_Your assignment_. Where the data below contains pictures, omit them; output the rest word for word.

_Recorded data_.

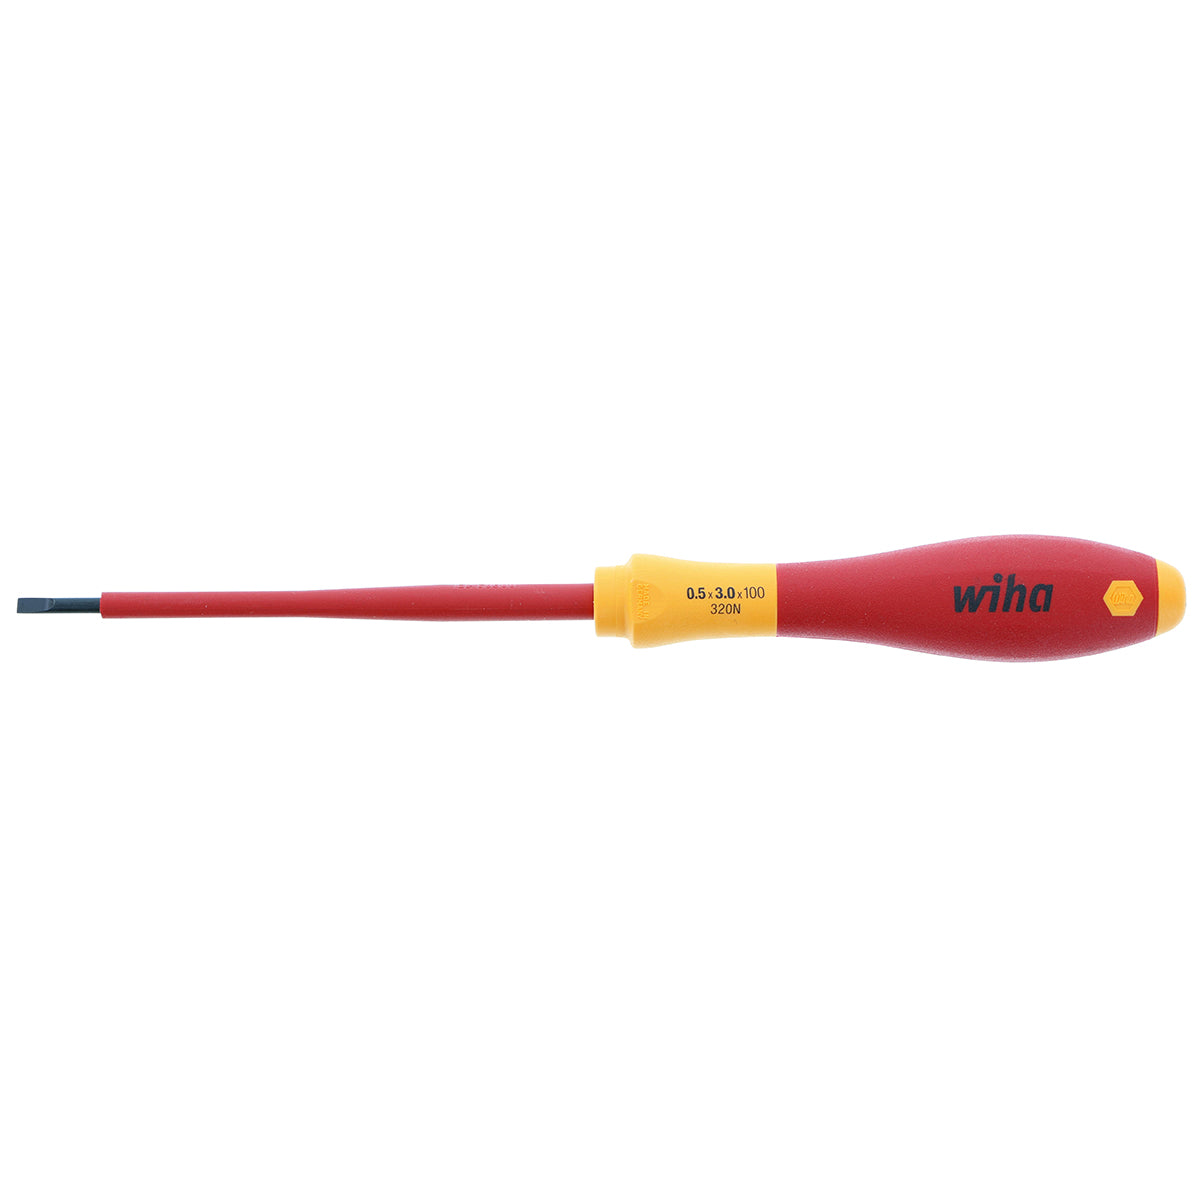 Wiha 32012 Insulated Slotted Screwdriver – 3.0mm x 100mm
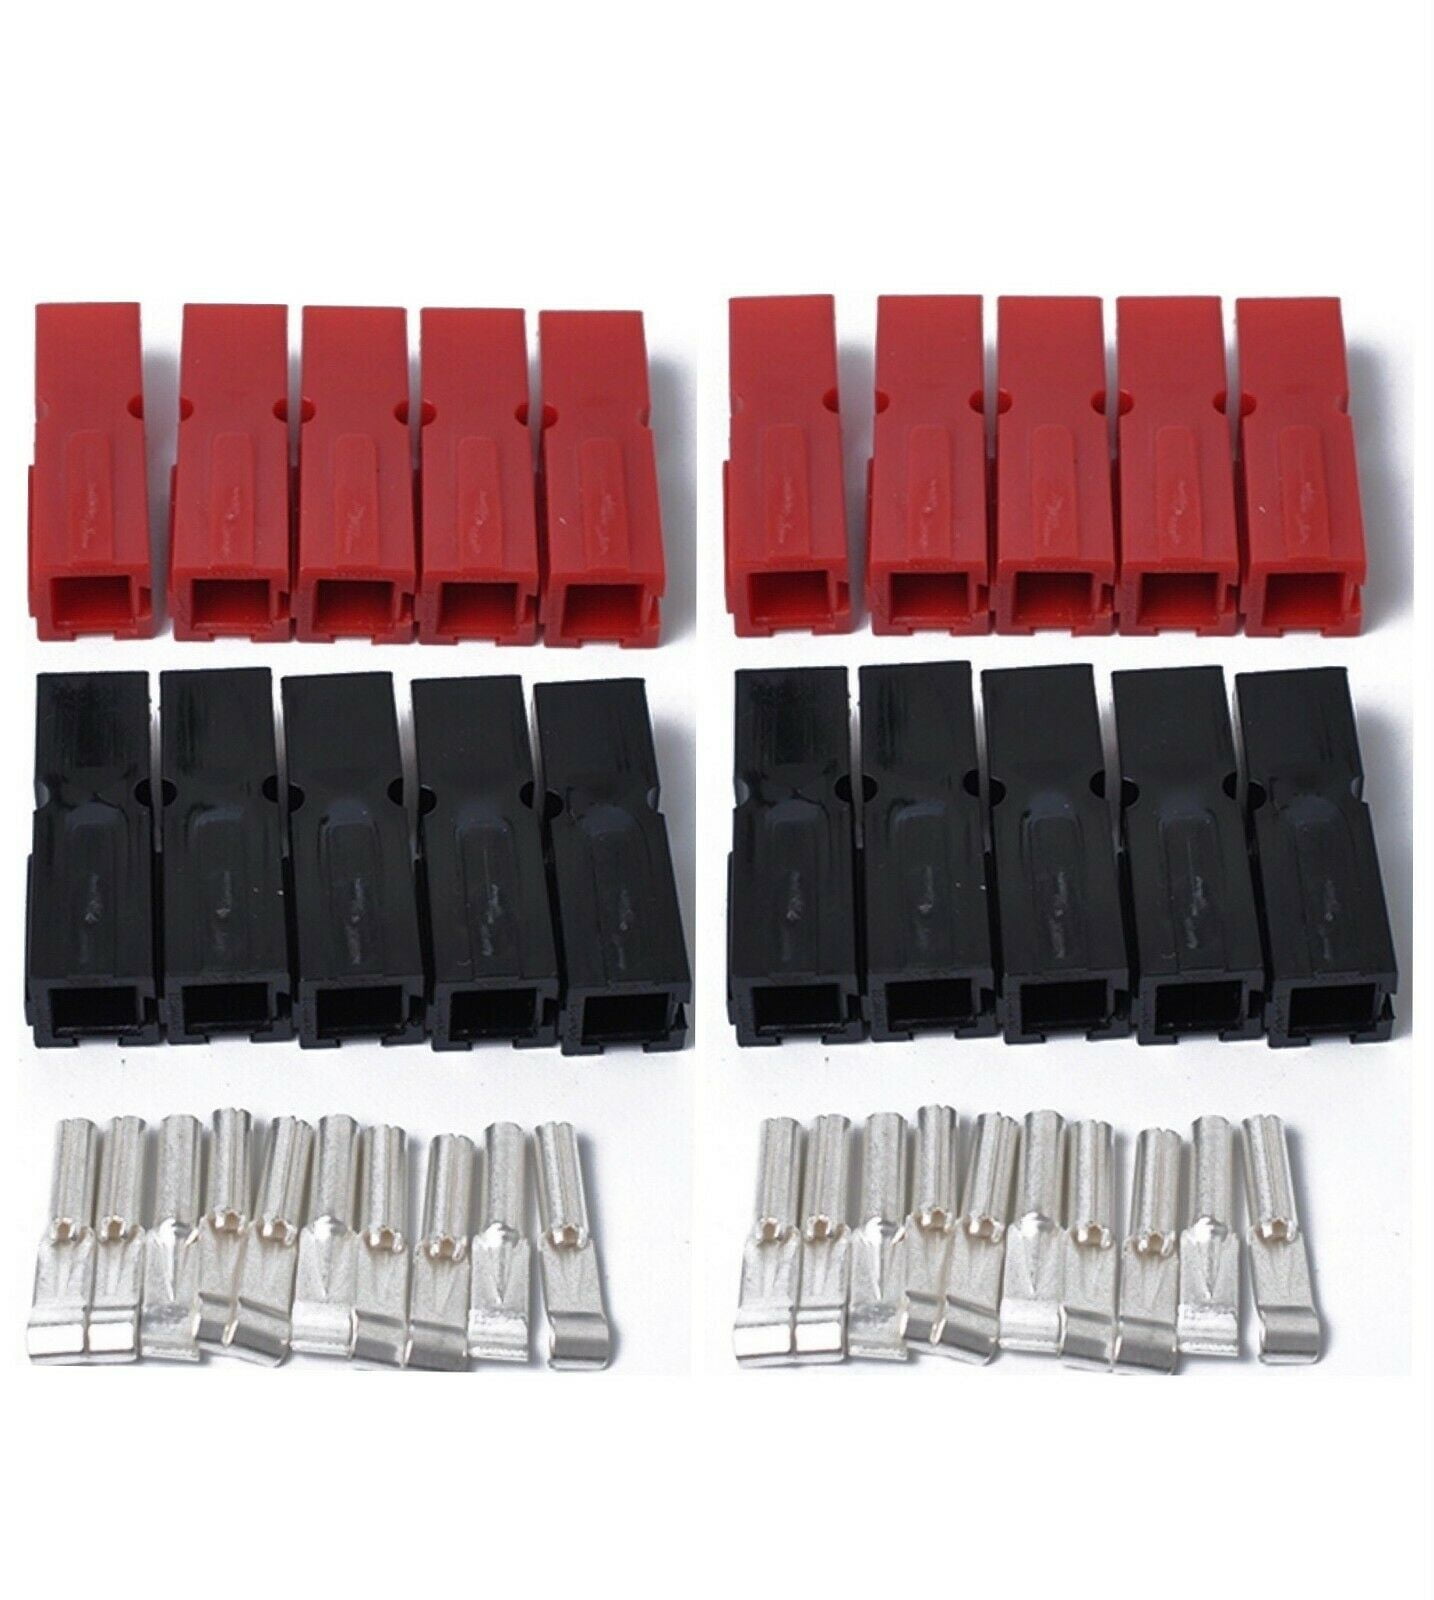 Red & Black Housings Anderson Powerpole Connector 50 Pack 30 Amp Contacts 
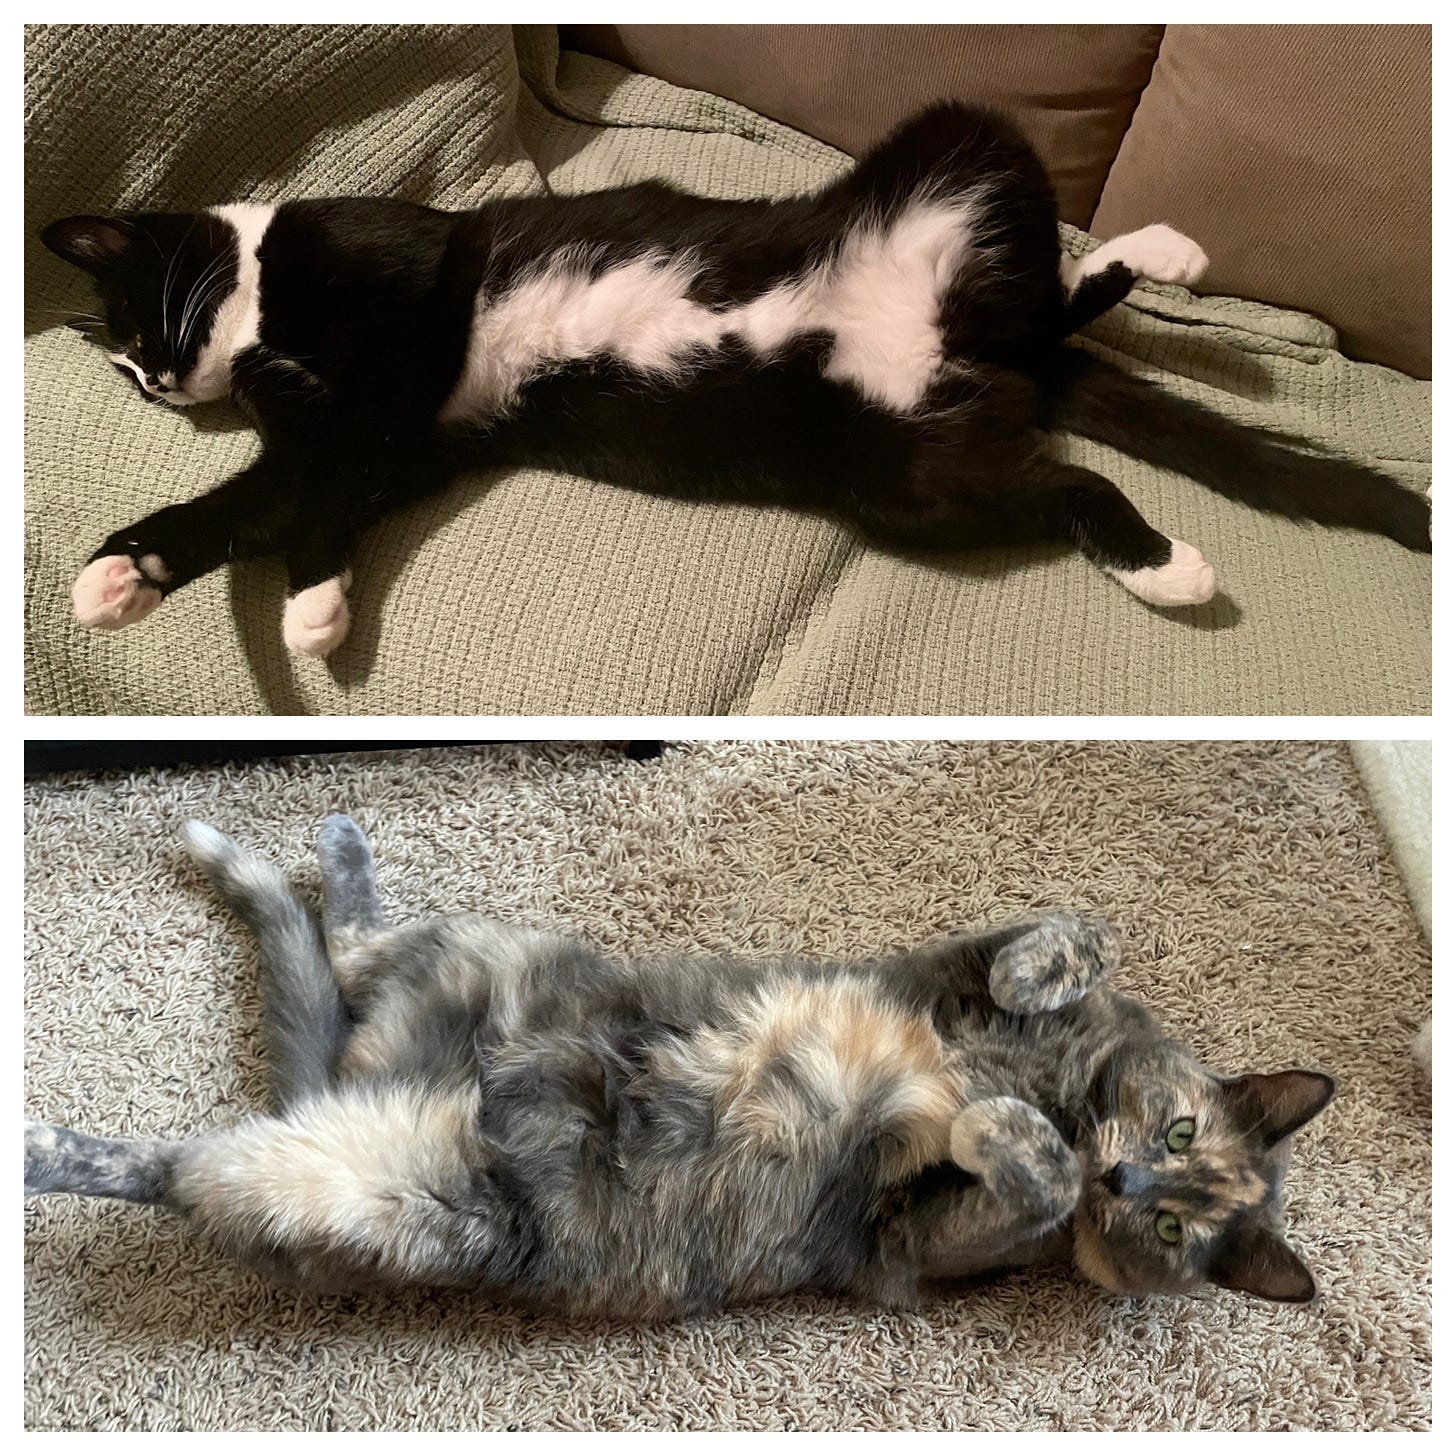 Top: A tuxedo cat is asleep on his back on a sage green blanket. Bottom: A dilute tortoiseshell cat is lying on her back on a beige carpet, looking up at the camera.

_Expected answer_.
 Wiha 32012 Insulated Slotted Screwdriver – 3.0mm x 100mm
 Red & Black Housings Anderson Powerpole Connector 50 Pack 30 Amp Contacts 
 Top: A tuxedo cat is asleep on his back on a sage green blanket. Bottom: A dilute tortoiseshell cat is lying on her back on a beige carpet, looking up at the camera.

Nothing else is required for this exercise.